Pierre Palmade condamné à cinq ans de prison dont deux ferme

Procès de Pierre Palmadedossier
Après un feuilleton judiciaire mêlant drame routier et toxicomanie qui a défrayé la chronique pendant près de deux ans, le tribunal a condamné, mercredi 20 novembre, l’humoriste à cinq ans de prison dont deux ferme.
Pierre Palmade au palais de justice de Melun, ce mercredi 20 novembre 2024. (Albert Facelly/Libération)
publié le 20 novembre 2024 à 14h23
(mis à jour le 21 novembre 2024 à 7h11)

Apparemment, il est là. Ce mercredi 20 novembre, il est 7 h 50 quand des photographes commencent à s’agiter au flash autour d’un van aux vitres teintées immatriculé 75 qui rentre à l’arrière du tribunal correctionnel de Melun, en Seine-et-Marne. L’un d’eux dit qu’il a vu la tête de l’humoriste. Enfin, pas vu. Deviné sa tête, plutôt. Enfin, pas tout à fait sa tête, non plus, juste une mèche de cheveux ébouriffée…

Ainsi s’ouvre le procès de Pierre Palmade. Plus d’un an et demi après l’accident de la route qui défraya la chronique, le comédien comparaît pour blessures involontaires sous l’emprise de stupéfiants. Déjà condamné en 2019 pour consommation de drogues, il encourait jusqu’à quatorze années d’emprisonnement et 200 000 euros d’amende. Il écopera de cinq ans de prison dont deux ferme.

En préambule, le président appelle le prévenu à la barre. A 56 ans, le voici donc, les cheveux brun foncé, la mine pâle, défaite. Il décline son identité, ses premiers mots en public depuis le début de l’affaire : «Je suis Pierre Palmade, je suis né le 23 mars 1968», dit-il seulement, d’une voix haute, légèrement éraillée, reconnaissable entre toutes.

La juge d’instruction n’a pas retenu le chef d’homicide involontaire pour la mort du fœtus de six mois que portait la passagère de la voiture violemment percutée par le comique. Me Mourad Battikh, l’avocat de la famille des victimes, dénonce une décision «absurde» reposant sur une jurisprudence de la Cour de cassation de 2001, qui ne reconnaît pas l’existence juridique de l’enfant à naître.

«Le droit français protège mieux les animaux que l’enfant à naître, souligne l’avocat, qui dit vouloir faire évoluer le statut de l’enfant à naître. L’enfant a été enterrée, une sépulture a été dressée et pourtant, au vu du droit, elle n’est rien.» Lors de ses différentes auditions, Palmade a reconnu sa responsabilité dans la mort du «bébé» de la victime accidentée. «Si ces déclarations sont sincères, considère l’avocat, il acceptera la comparution volontaire» pour «l’homicide» de l’enfant à naître.

Trop tard, souligne Me Céline Lasek, l’avocate de Pierre Palmade : une ordonnance de non-lieu, on ne va pas revenir en arrière. «On ne peut pas faire des exceptions juridiques.» Déduction du président : Palmade ne souhaite donc pas comparaître volontairement. «Je vous demande de ne pas lui poser la question, recadre-t-elle.
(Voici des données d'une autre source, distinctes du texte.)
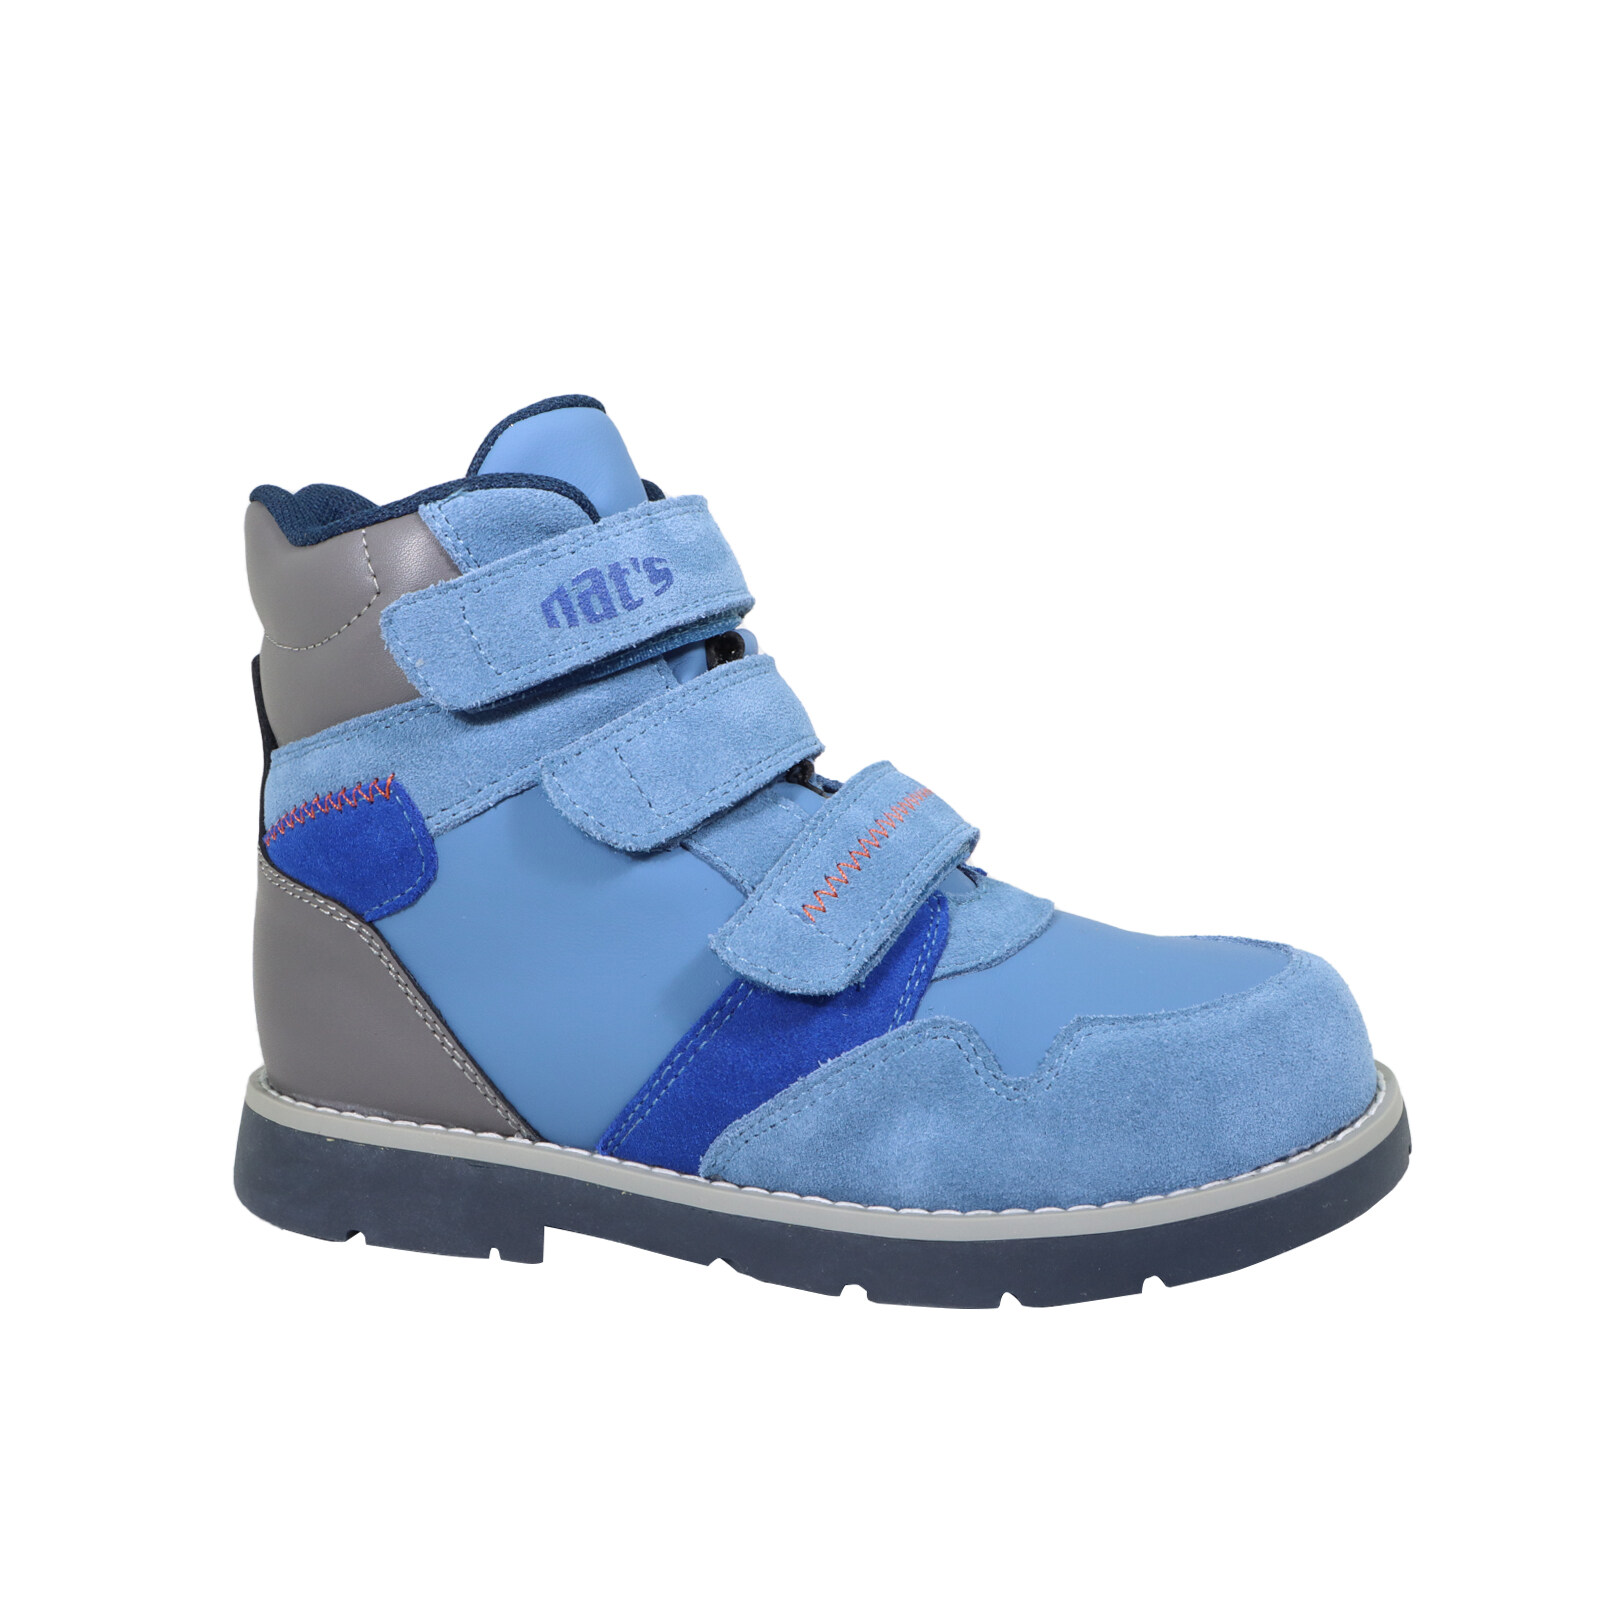 Customized comfort Orthopaedic Shoes for children

Lui était d’accord, moi, je m’y oppose.» Voyons cela. «Monsieur Palmade, approchez-vous de la barre.» Accepte-t-il de comparaître volontairement ? «Euh… non.»

«Ma vie d’avant, c’est comme un rêve»

Ce préambule établi, le président revient sur les détails de l’accident. Les victimes se succèdent à la barre pour décrire les blessures, les séquelles et les traumatismes. Le père de famille grièvement touché dans l’accident, Yuksel Yakut, 39 ans, se lève, boite jusqu’à la barre, en s’aidant d’une béquille, visage fermé. «Je travaillais, j’avais des amis, je gagnais de l’argent, je travaillais avec mon équipe, j’essayais de profiter avec ma famille, de faire des activités, de jouer au foot avec mes enfants… Mais aujourd’hui, je ne peux plus faire ce genre de choses, énumère-t-il. Ma vie d’avant, c’est comme un rêve.» Son fils, 6 ans au moment de l’accident et dont le pronostic vital était engagé, a redoublé sa classe. Pour lui aussi, la vie a changé : «Il n’a pas de problème quand il marche, mais c’est quand il parle…»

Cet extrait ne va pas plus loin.